Character of the Child.—The view that the child possesses all the vices and all the peculiarities of the criminal is as erroneous as the opinion that the criminal, owing to the arrest of mental development, remains for ever a child, and that he is one in nature with the savage who, unaffected by conditions of time or place, preserves unchanged the type of humanity in the childhood of our race. As yet no proof has ever been supplied of the hypothesis, that concealed within the child’s nature lies the tendency to do evil. But it is an incontestible fact that the child entirely lacks power to withdraw itself from harmful influences, and that if criminal inclinations are artificially implanted in the child, they will infallibly develop if no counteracting influences come into play. The child is a virgin soil, which will in due course bring forth good fruit or bad fruit according to the nature of the tillage; at birth the child is qualitatively and quantitatively incomplete; but all the faculties are there in embryo, and ready for their further development. The smaller the circle of ideas, the stronger will be the influence, the greater will be the effect, of any new idea that enters this circle. In the child, above all, the circle of ideas is so small, that every new idea will constitute a quite appreciable fraction of all the ideas that already exist.
Limits of Educability.—Education is able to develop the useful capacities and qualities of human beings, and to repress those capacities and qualities that are useless and harmful; but it is beyond the power of education to develop qualities and capacities of which the germs do not previously exist in the child. Even the best education is incompetent to improve a character which is congenitally altogether bad, or to do anything for a child whose character, though congenitally good, has been completely corrupted by evil influences.
Unfortunately, science is not yet sufficiently advanced to enable us to determine with absolute certainty which children are educable. As long as our knowledge of this matter remains defective, society must undertake the fruitless education of such children.
Educability depends, first of all, upon the inherited dispositions of the brain; when the deviations from the average in this respect are considerable, we have to do with a diseased brain. According to the kind and the degree of the deviation, we distinguish several groups of mental abnormality occurring in childhood, namely:
(a) Morbid psychical (psychopathic) constitutions.
(b) Congenital feeble-mindedness (debility).
(c) Fully developed and well-marked mental disorders.
In the first group we find a number of morbid changes far less severe in character than those comprising groups (b) and (c); these are commonly curable, provided only treatment is begun in early childhood.
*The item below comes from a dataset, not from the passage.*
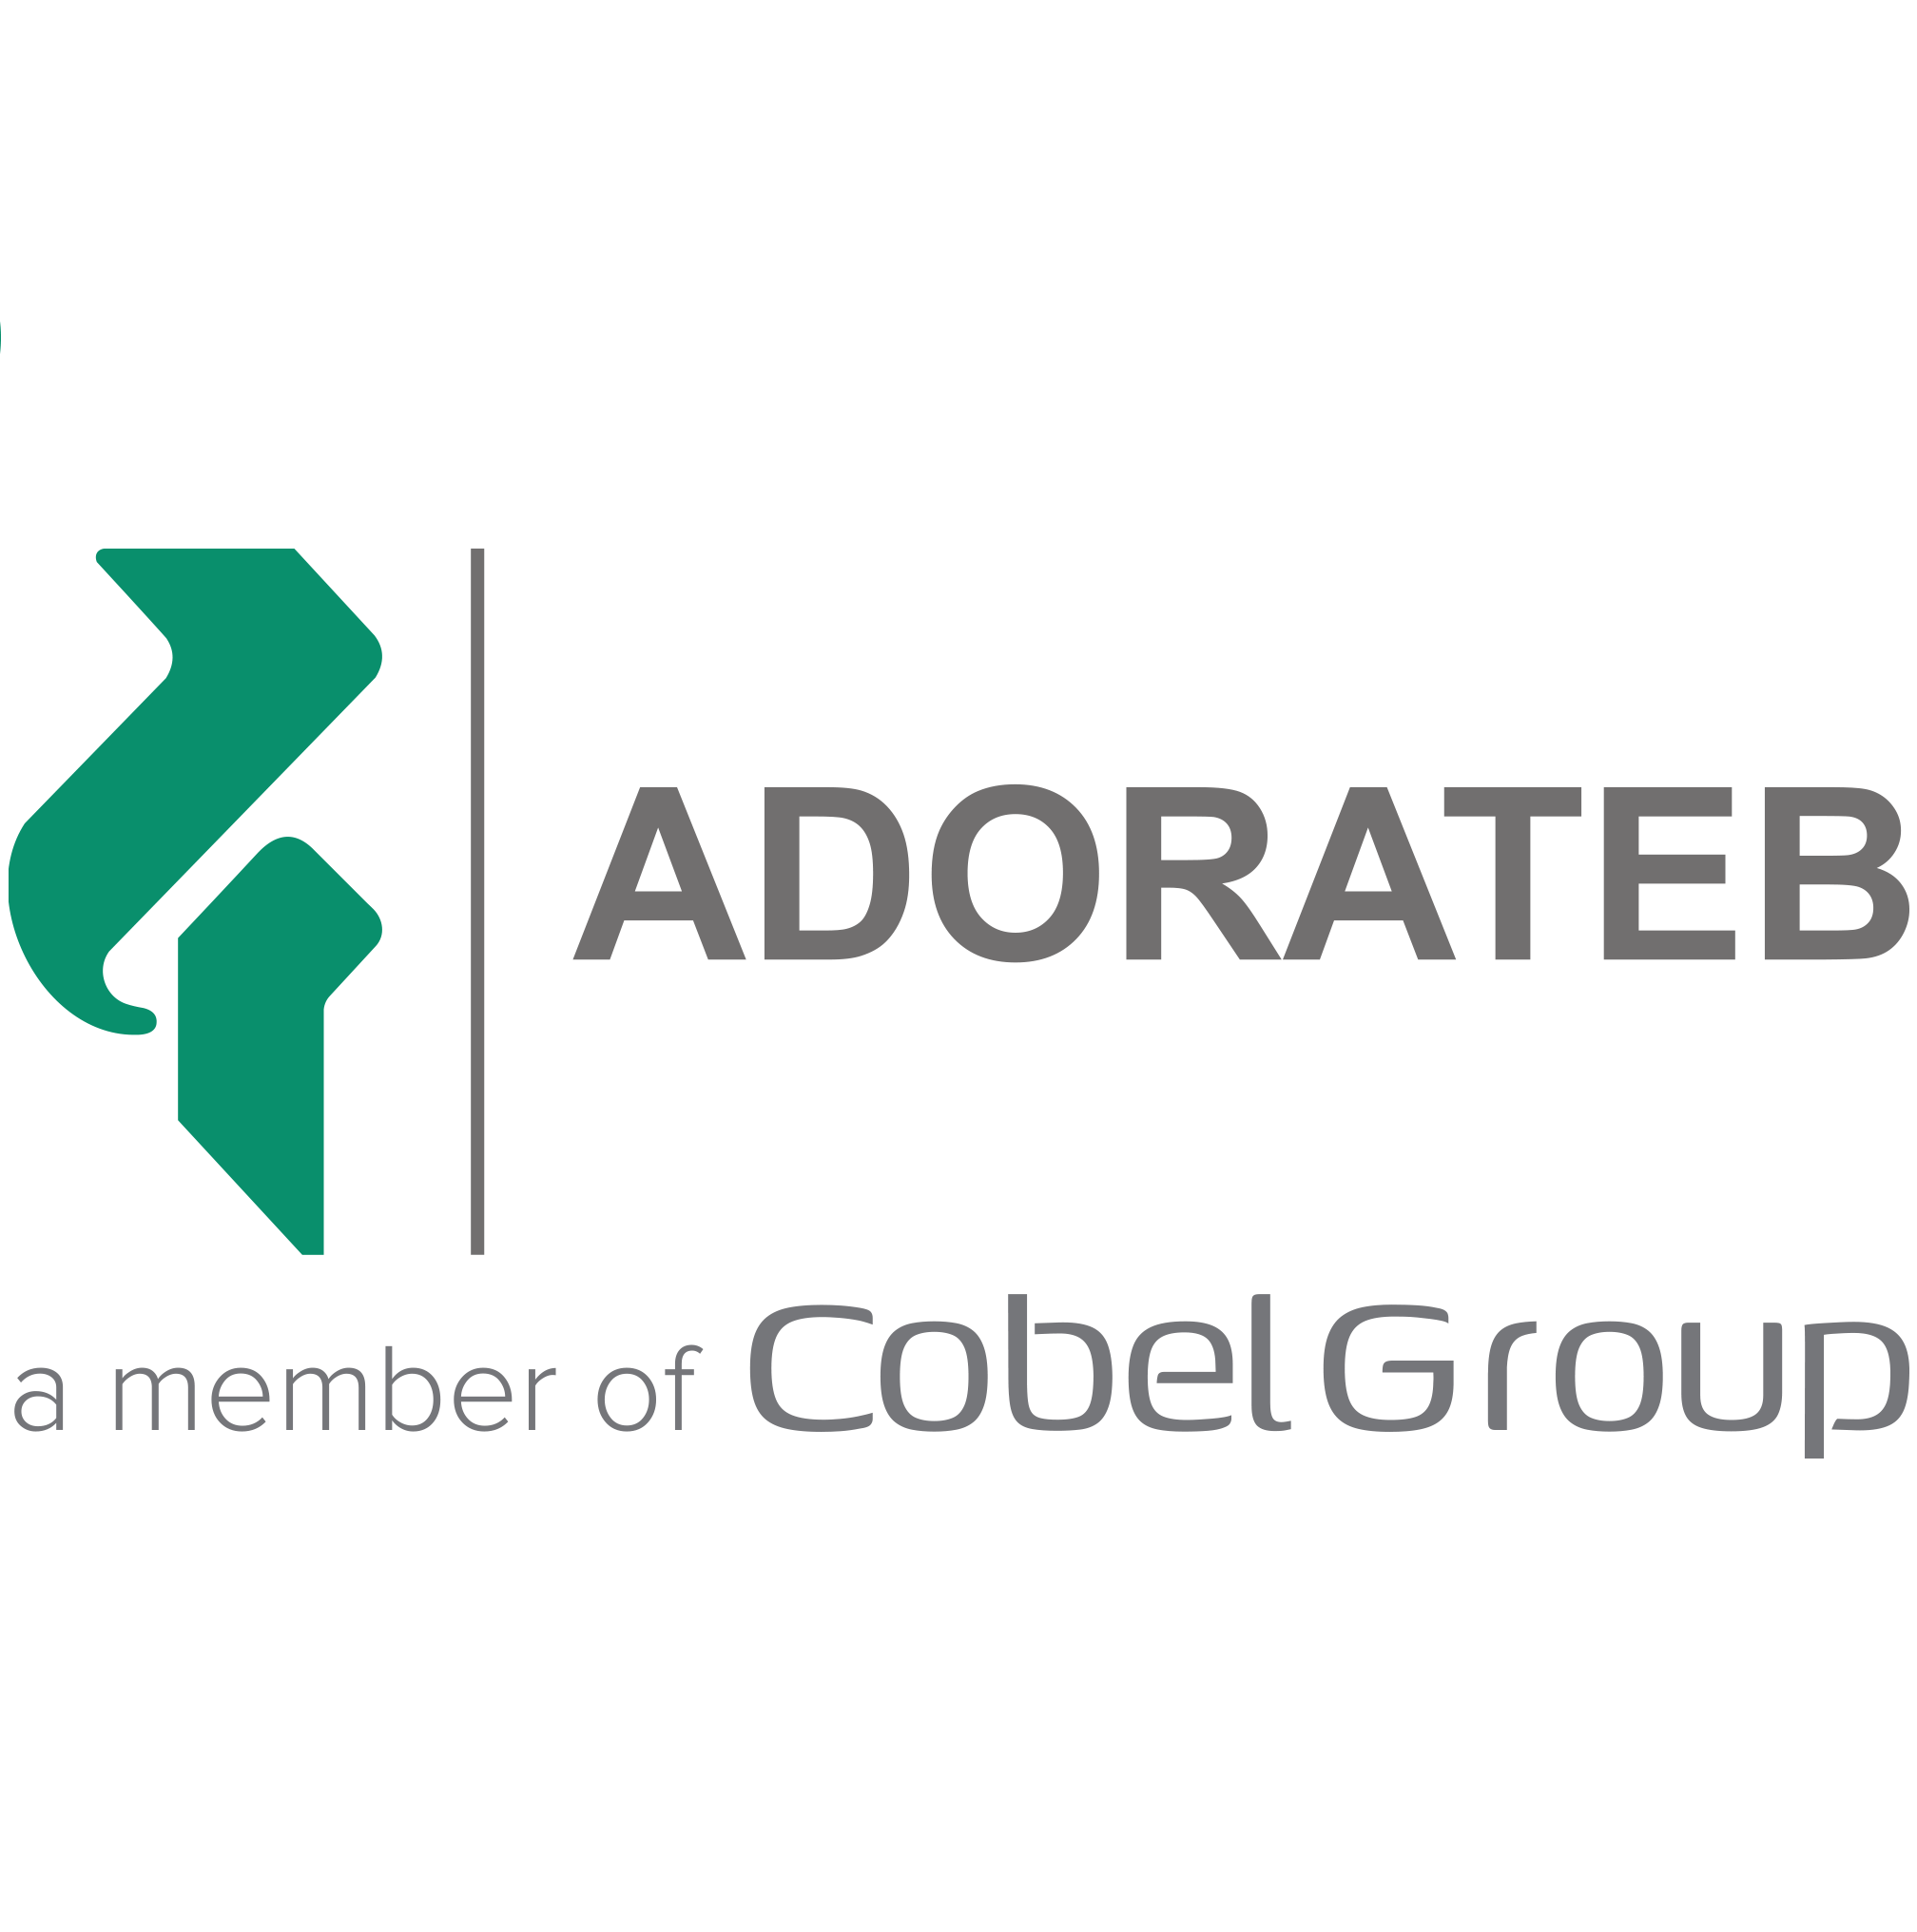 مدیر بازاریابی تجاری | Trade Marketing Manager - آدوراطب | Adorateb

It is absolutely essential that such cases should be cured if possible: for unless this is effected, in most cases (and especially when they belong to the poorer classes of society) the males become habitual vagrants, whilst the females adopt a life of prostitution. Numerous inquiries have established the fact that a strikingly large proportion of tramps and other vagabonds were from childhood upwards of a psychopathic constitution.
The number of those exhibiting mental abnormality has notably increased in recent times, but this increase does not affect those suffering from true insanity. Many of those who in adult life exhibit symptoms of mental abnormality do so as a result of the psychopathic constitution, and in many such cases the troubles of adult life might have been prevented by judicious measures during childhood. In cases belonging to group (b), comprising persons suffering from congenital feeble-mindedness, the possibility of education depends entirely upon the degree of mental debility. In cases belonging to group (c) education is impossible. The question of ineducability is of importance, above all, in relation to the possibilities of a coercive reformatory education. The possibility that attempts at education may prove altogether fruitless must never be lost sight of; for although it is an established fact that mentally abnormal children usually need a coercive reformatory education, in the case of children whose mental abnormality exceeds certain limits, even such an education is impracticable. In these cases also the rule applies, that the prospects of success are greater the earlier the matter is taken in hand.